Thanks so much again for your comments and time on this issue, as I expect I will not get any quantitative explanations from the offending company, g, or my host. I didn't last year with the similar incident and MSN and big name cable company.

Thanks again.

jdMorgan

4:54 pm on Dec 4, 2005 (gmt 0)

WebmasterWorld Senior Member 10+ Year Member



Just trying to nail down what section of the code your having trouble with, and what problem you're having...

The following code will loop, because there is no provision to allow 'banned.shtml' to be served, so after you do the redirect and the client returns asking for 'banned.shtml', it will get redirected again.

There are several ways to fix this, and also several ways to improve it. I'll show them cumulatively, but you can mix and match the techniques if desired:


# Prevent 'infinite' redirect loop
RewriteCond %{REMOTE_HOST} \.example\.com
RewriteRule !^banned\.shtml$ http://www.mydomain.com/banned.shtml [R=301,L]


# Hide the banning function from the client by using internal rewrite instead of redirect
RewriteCond %{REMOTE_HOST} \.example\.com
RewriteRule !^banned\.shtml$ /banned.shtml [L]


# Reduce horrible DNS lookup load on server by limiting check to only shtml pages
RewriteCond %{REQUEST_URI} !^/banned\.shtml$
RewriteCond %{REMOTE_HOST} \.example\.com
RewriteRule \.shtml$ /banned.shtml [L]


# 403 unwelcome hosts instead of serving banned.shtml
RewriteCond %{REMOTE_HOST} \.example\.com
RewriteRule \.shtml$ - [F]

In the last two cases, I show limiting the scope of the reverse-DNS check, so that it only happens on .shtml page requests. You could adapt this so that it only checks for .php page requests, or request for any type of files but only in a certain subdirectory -- whatever makes sense for your site. Certainly if these 'bot-scripts never request images, you'd want to exclude image files from the RDNS check.

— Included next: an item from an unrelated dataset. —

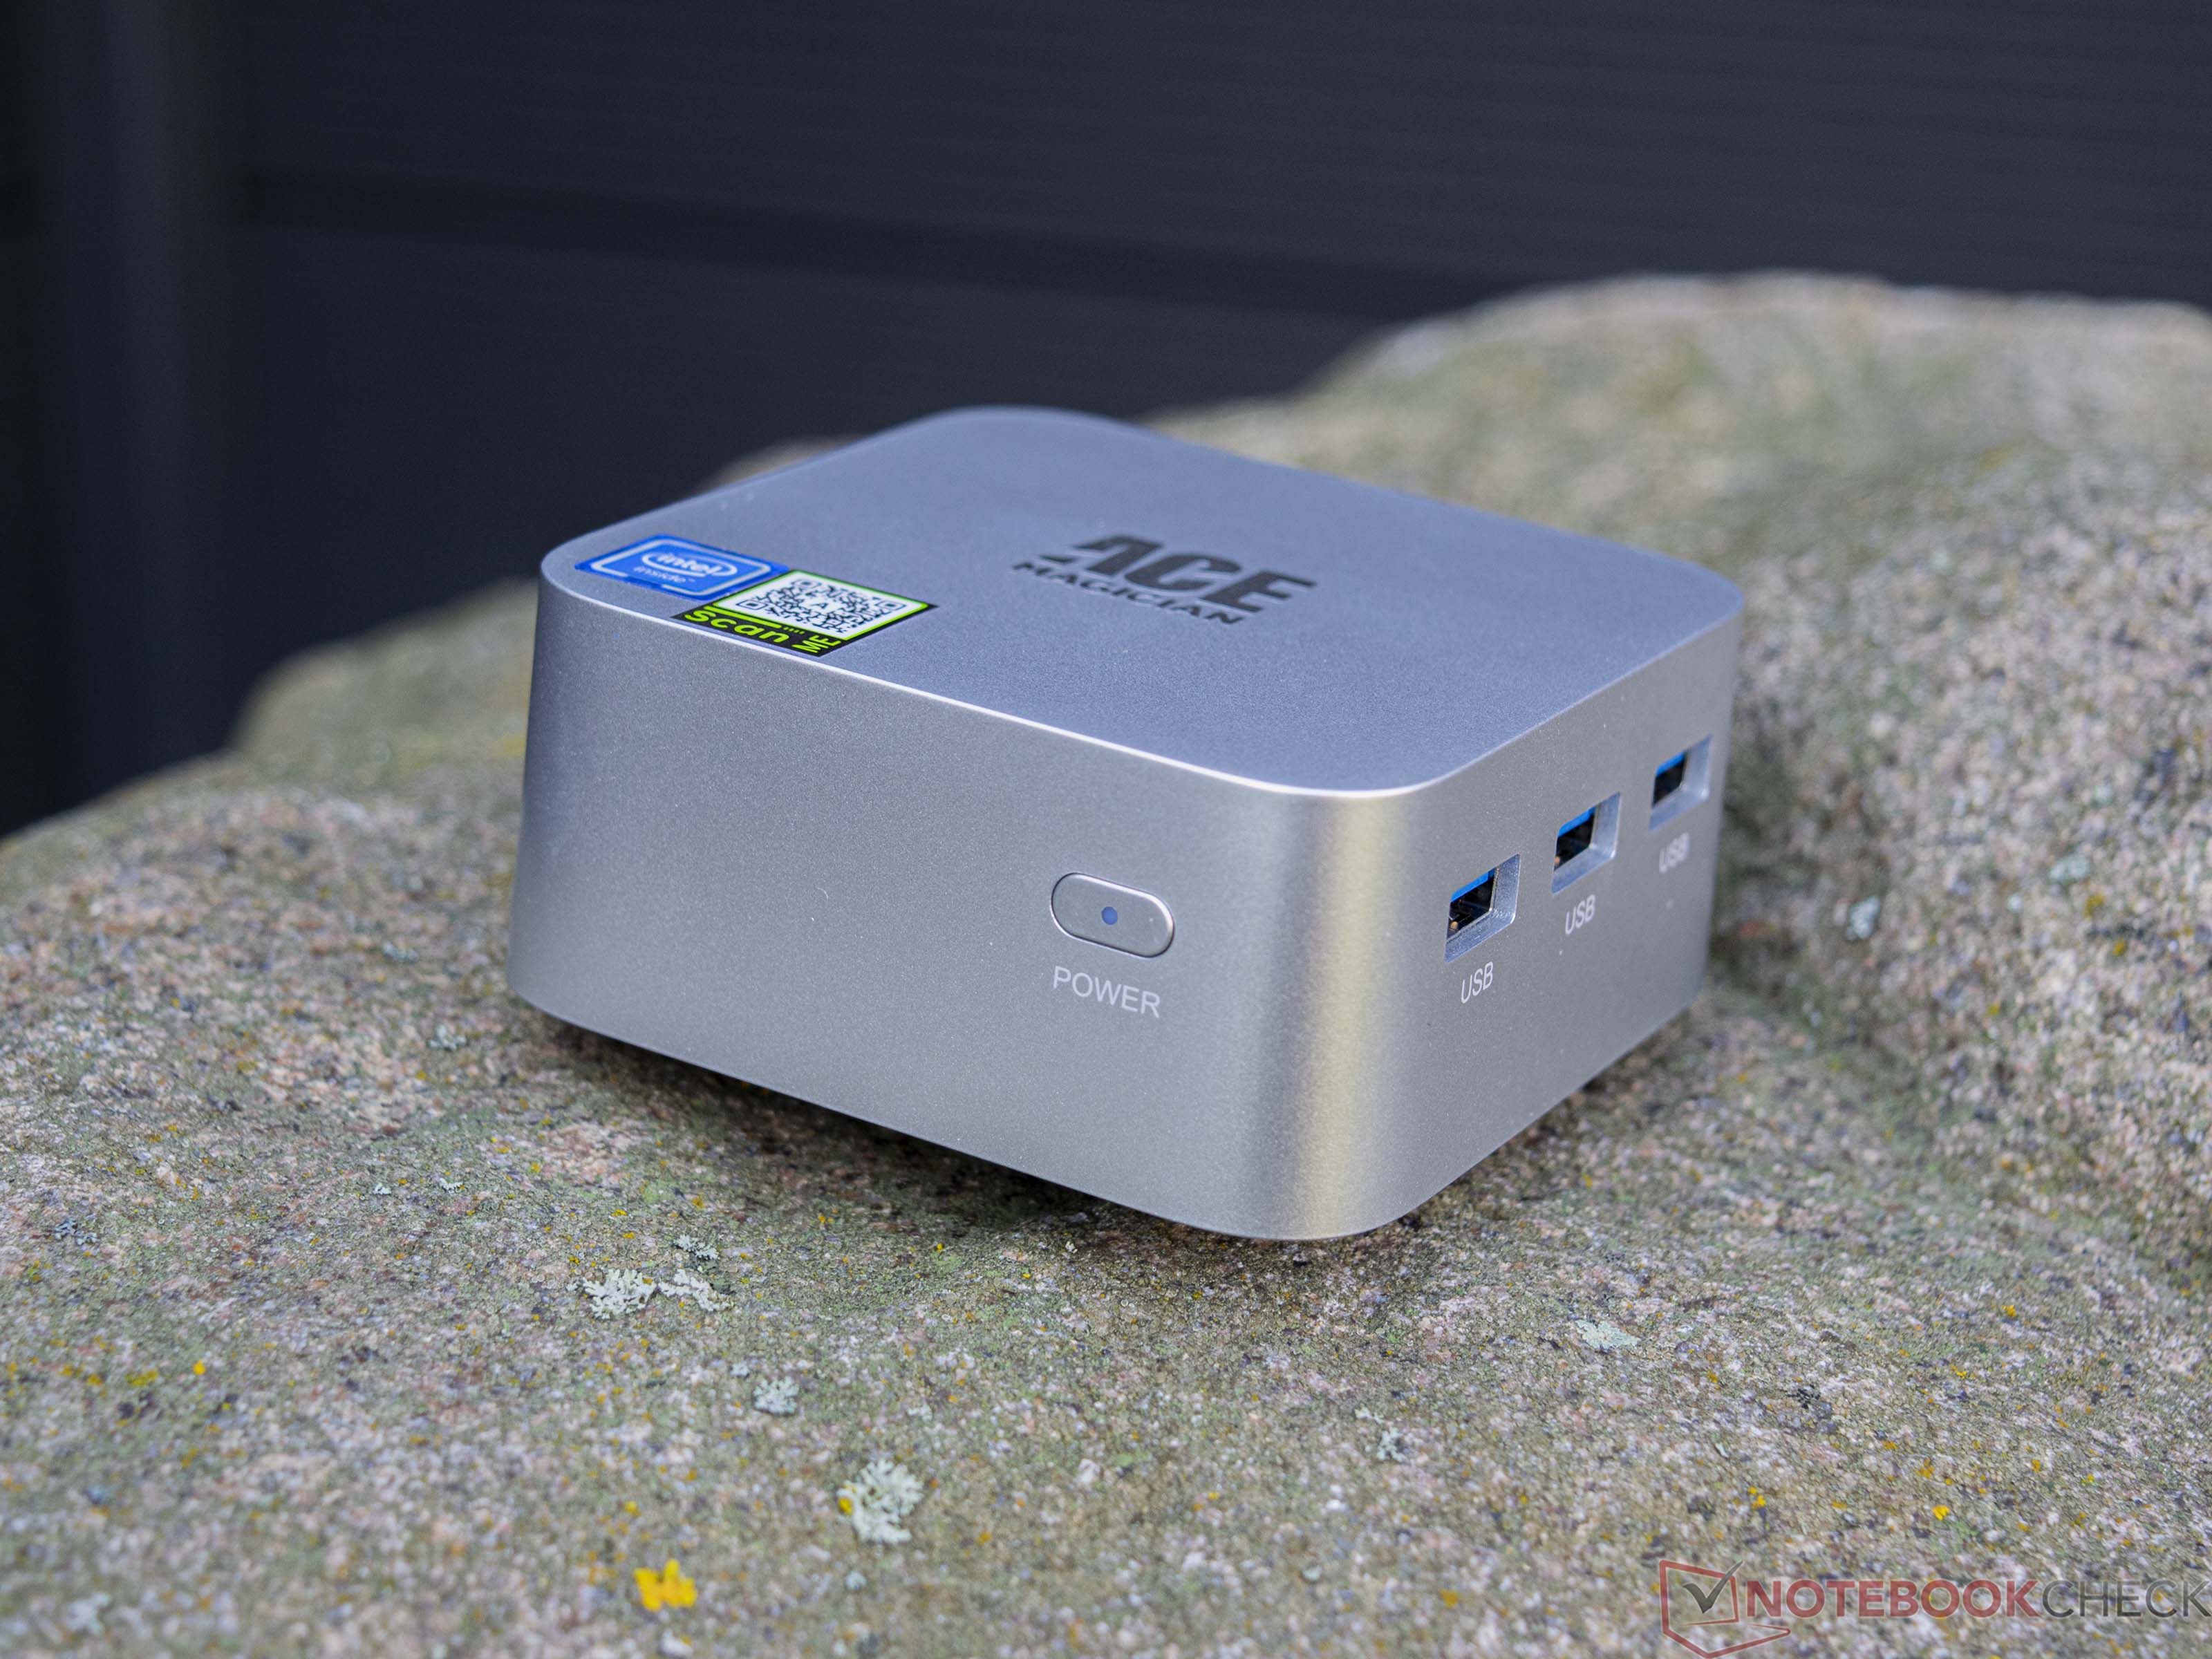 Ace Magician Mini PC, see how simple it is to add additional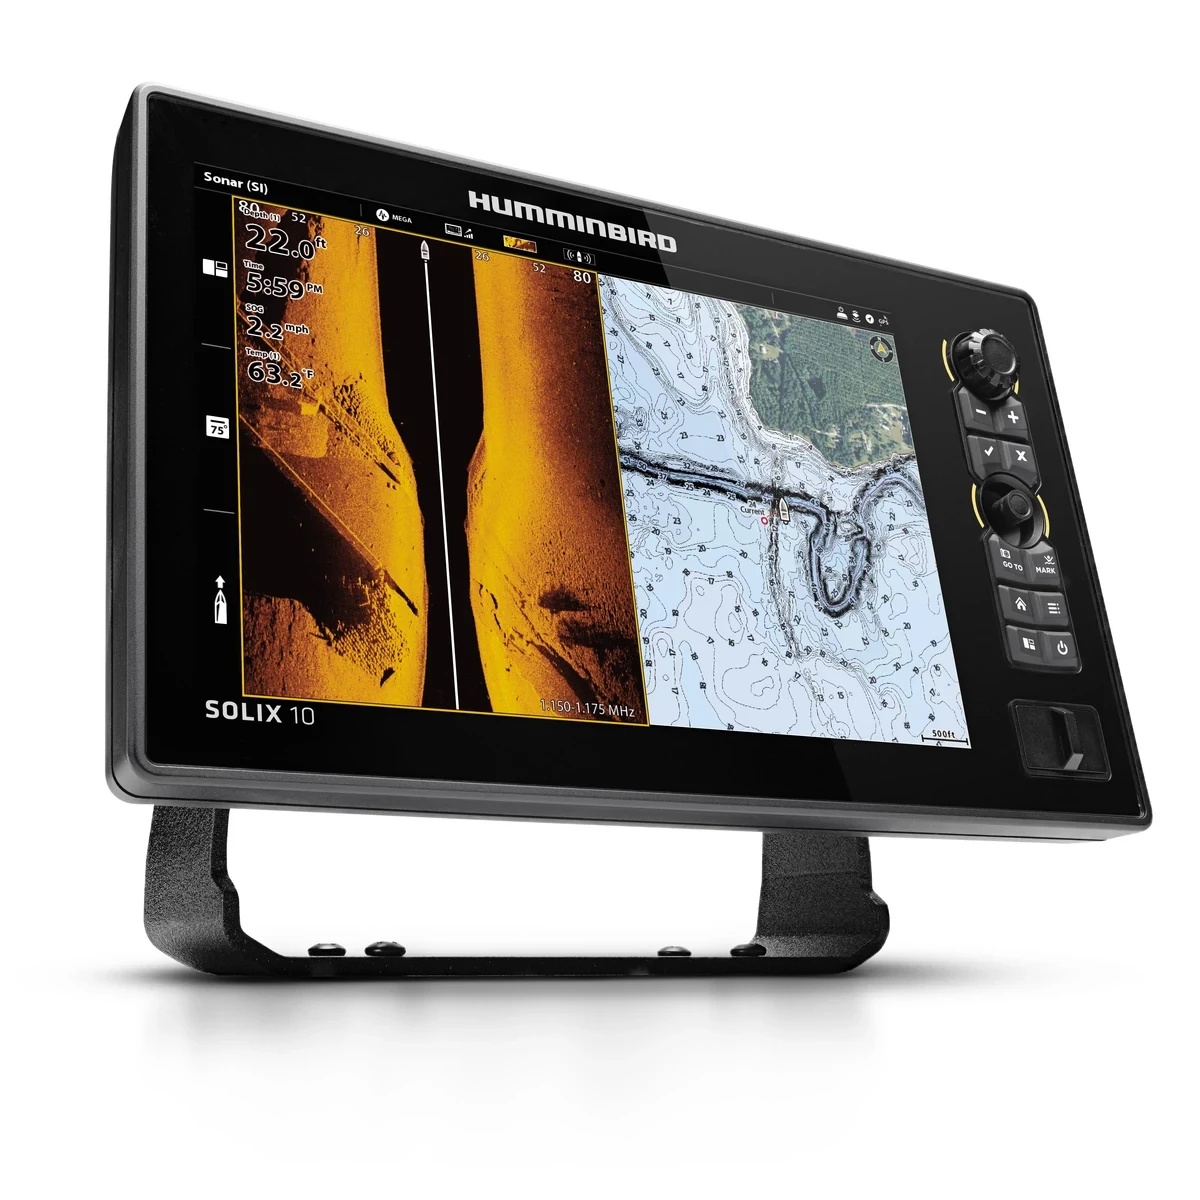 SOLIX 10 CHIRP MEGA SI+ GPS G3 front-side Side Imaging view

In addition to increasing the server load by a factor of at least two, checking reverse DNS also incurs an additional dependency: If the DNS server you're querying is slow or broken, then your site will be slow or broken. As it is now, every incoming request to your server for every page, image, stylesheet, etc. results in an outgoing RNDS lookup request, and the incoming request cannot be served until the RDNS response comes back. You may indeed have to live with this for awhile, but at least be aware of the severity of the load increase, so you can balance it with your access control needs.

Also, be aware that if you use a custom 403 error page, then it will also need to be excluded from access control in a similar way to that shown for excluding banned.shtml, in order to avoid a looping situation.

HTH,
Jim

kahuna

7:55 pm on Dec 4, 2005 (gmt 0)

10+ Year Member



Thanks as always... but what a bummer. I don't know why I hadn't seen the issue before with other REM0TE_H0ST redirects , and or if it was random from the servers which wouldn't make sense to me.. the infinite loop problem .

I would often check the logs to see if my redirects were taking place... so I don't understand how I would have missed other endless loops taking place.

And yes... HTH.
thanks again.

kahuna

10:59 am on Dec 5, 2005 (gmt 0)

10+ Year Member



the reason why dummie (me) "missed" or the endless loops didn't occur in many instances.. is because most redirects started in sub directories and were redirected to upper level directories where.
When I used similar coding from the lower level directory in my root html directory.. duhhhhh it causes the loops.
When JD writes his book "Htaccess Files for Dummies" I guess I'll be getting one. thanks again.